Subscriber OnlyOpinion

Boris Johnson’s Ballymurphy blunder shows need for reconciliation

A weasel-worded and incomplete apology to families was finally dragged out of PM

The British prime minister has made a public apology in the House of Commons to the families of the 10 people killed in the Ballymurphy massacre.

This week 10 years ago there was much basking in the glory of the successful visit to Ireland of Queen Elizabeth II and what the British government referred to as “the building of a whole new approach” to Anglo-Irish relations. The BBC suggested the queen had “left her mark on a once-hostile land. Anglo-Irish relations have been rejuvenated. The grip of the past loosened”.

There was a feast of similar heady assertions as various shoulders felt the hand of history. The engagements the queen fulfilled, including her presence on the hallowed nationalist turf of Croke Park, were largely silent but highly charged confrontations with the difficult past. There had been some far-fetched speculation in advance of the visit that the queen might “apologise” for historic crimes associated with British rule in Ireland. What she did instead, when she spoke at Dublin Castle, was to maintain it is “impossible to ignore the weight of history” and acknowledged, “with the benefit of historical hindsight we can all see things which we would wish had been done differently or not at all”.

'I'd like to say sorry to their families for how the investigations were handled, for the pain they've endured since their campaign began almost five decades ago'

A decade on, the gulf between those polished words of diplomacy and the continuing raw hurt of those impacted by the era of conflict is striking. The visit was understandably presented, in the words of then president Mary McAleese, as “a culmination of the success of the peace process”, but that assertion really only related to the realm of high politics.

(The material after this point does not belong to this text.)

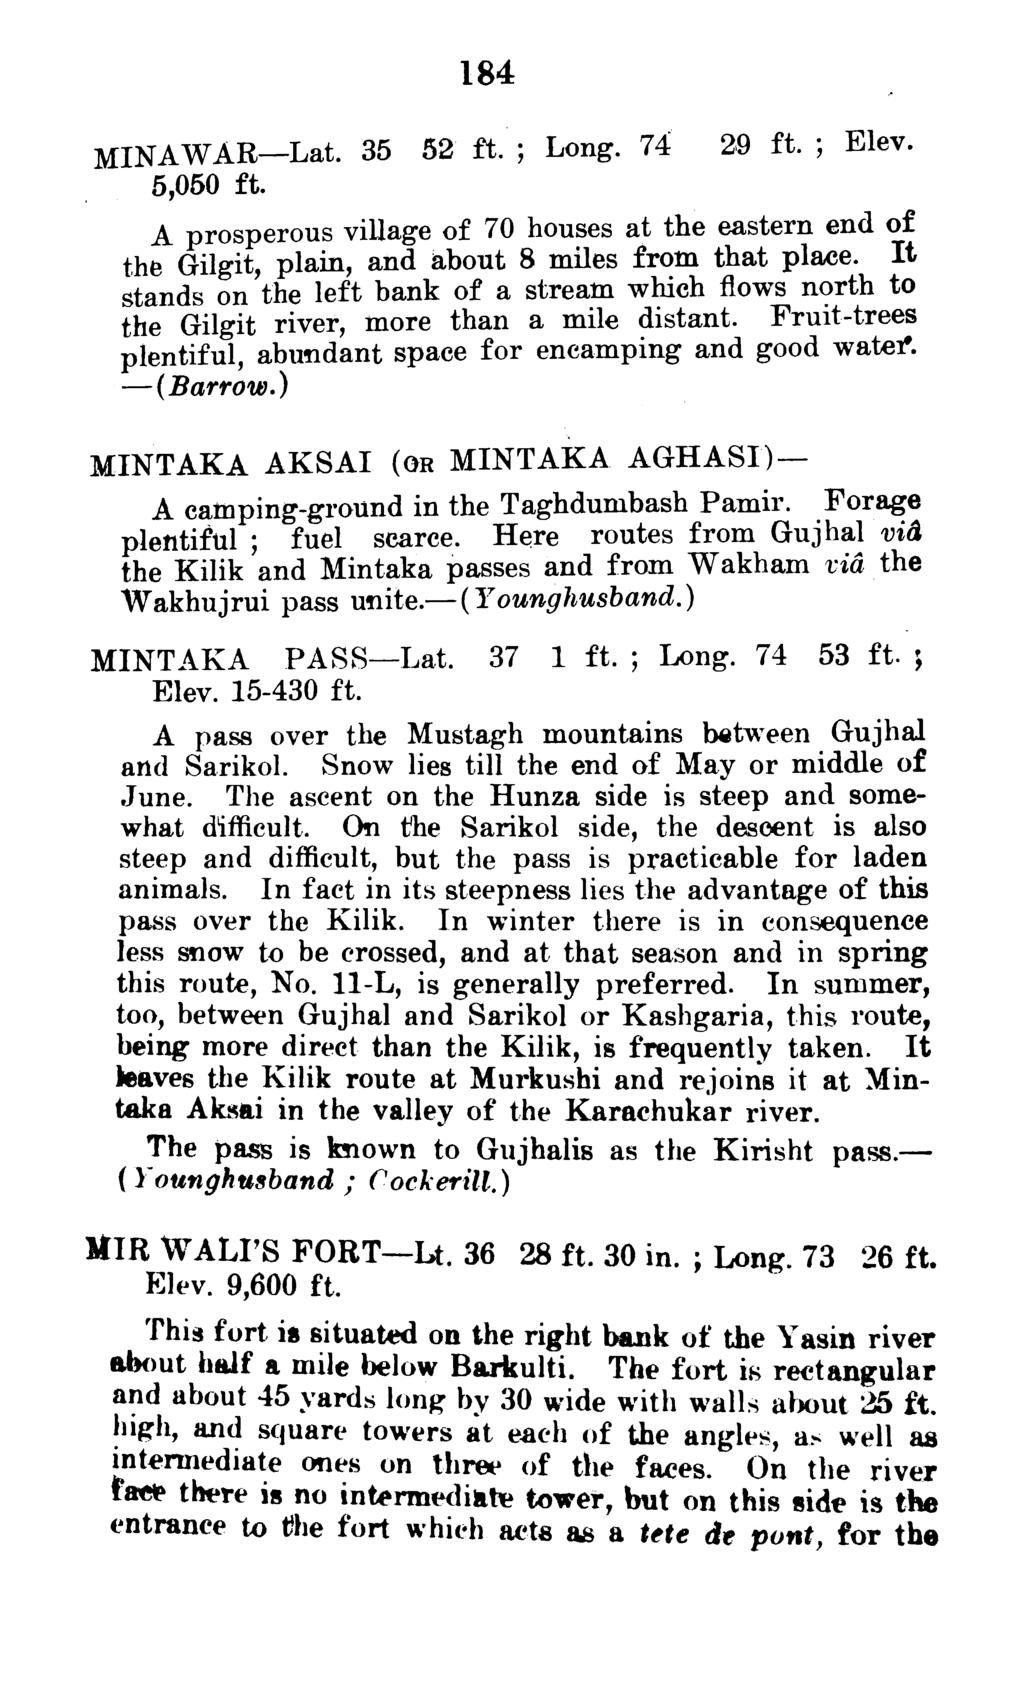 MINAWAR-Lat. 35 52 ft. ; Long. 74 ZI9 ft. ; Elev. 5,060 ft. A prosperous village of 70 houses at the eastern end of the Gilgit, plain, and about 8 miles from that place.
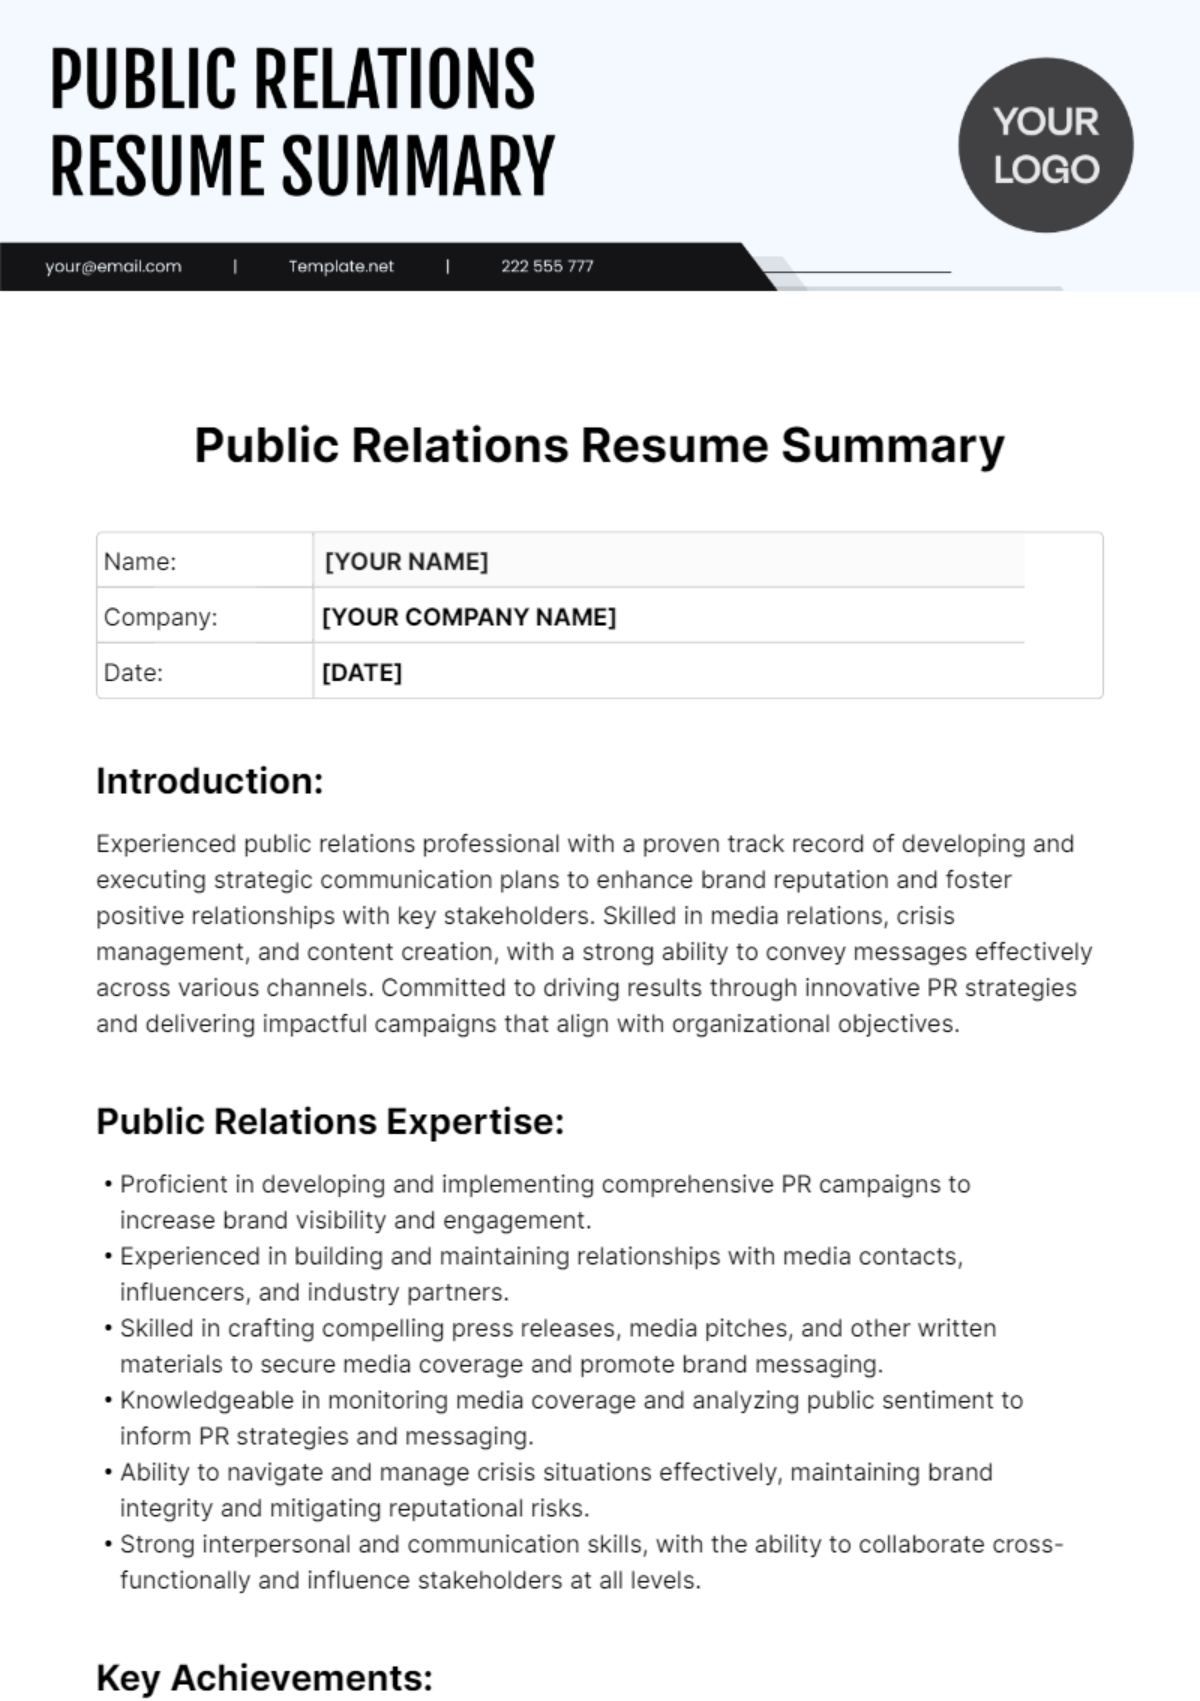 Public Relations Resume Summary Template

A year before the royal visit the Saville Report into the events of Bloody Sunday in 1972 vindicated the complete innocence of those killed. In response, British prime minister David Cameron directly addressed the victims’ families: “What happened on Bloody Sunday was both unjustified and unjustifiable. It was wrong . . . On behalf of our country, I am deeply sorry”.

READ MORE

That apology came on the back of a campaign of almost 40 years by the families. The recent conclusion of the inquest in to the 1971 Ballymurphy atrocities was also the result of a marathon campaign by relatives, and a weasel-worded, incomplete apology to the families was finally dragged out of British prime minister Boris Johnson on Wednesday after his previous two pathetic efforts: “On behalf of successive governments . . . I’d like to say sorry to their families for how the investigations were handled, for the pain they’ve endured since their campaign began almost five decades ago.”

Many other victims will never be the subject of high-profile investigations or see their claims for justice vindicated. During talk of a new dawn in Northern Ireland in the 1990s, Presbyterian minister Terence McCaughey, in reflecting on the dilemma of the survivors and victims of the violence of the Troubles, quoted Dr Alex Boraine, the deputy chairman of the Truth and Reconciliation Commission in South Africa: “the lack of official verification of former events leaves room for doubts and scepticism about the stories told . . . it leaves both the survivors and the dead in a kind of historical no-man’s land”.

There was a strong sense this month 10 years ago that we were dividing a traumatic past from a positive future

Too many are still there. When compiling the 1999 landmark Lost Lives book detailing the deaths of the Troubles, one of its four editors, David McKittrick, noted that when they began the project in 1992 “there was little or no appreciation of the needs of the bereaved” and “officialdom was of little help”. It was pressure from the Women’s Coalition in 1998 that led to three paragraphs being included in the final text of the Belfast Agreement “to acknowledge and address the suffering of the victims of violence as a necessary element of reconciliation”. But it was hardly much of a priority; if it mattered, why, more than 20 years on, is the British ambassador to Ireland Paul Johnston writing of the need to “find a way forward . . . in a discreet, inclusive and respectful way”?

What does discreet mean in this context? It needs to be spelt out and a robust response is required to the well worked out proposals of John Green and Pádraig Yeates for bodies aimed at “truth recovery” and “justice facilitation” rather than court proceedings, “to take us out of the minefield of legacy politics”. Discretion would not be the better part of valour during such a process, but it could do more to constructively confront various traumas for a lot more people than more official inquiries and legal proceedings. Earlier this year Geoffrey Corry, who chaired the Glencree Centre for Reconciliation in the 1980s, noted of such traumas “much of that remains buried as an unhealed undercurrent that nobody wants to talk about, yet it continues to drive sectarianism”.

There was a strong sense this month 10 years ago that we were dividing a traumatic past from a positive future. Conflict resolution does not lend itself to such neat divisions; rather than just “loosening the grip of the past” what is needed are the political impulses and extrajudicial structures to face that past honestly.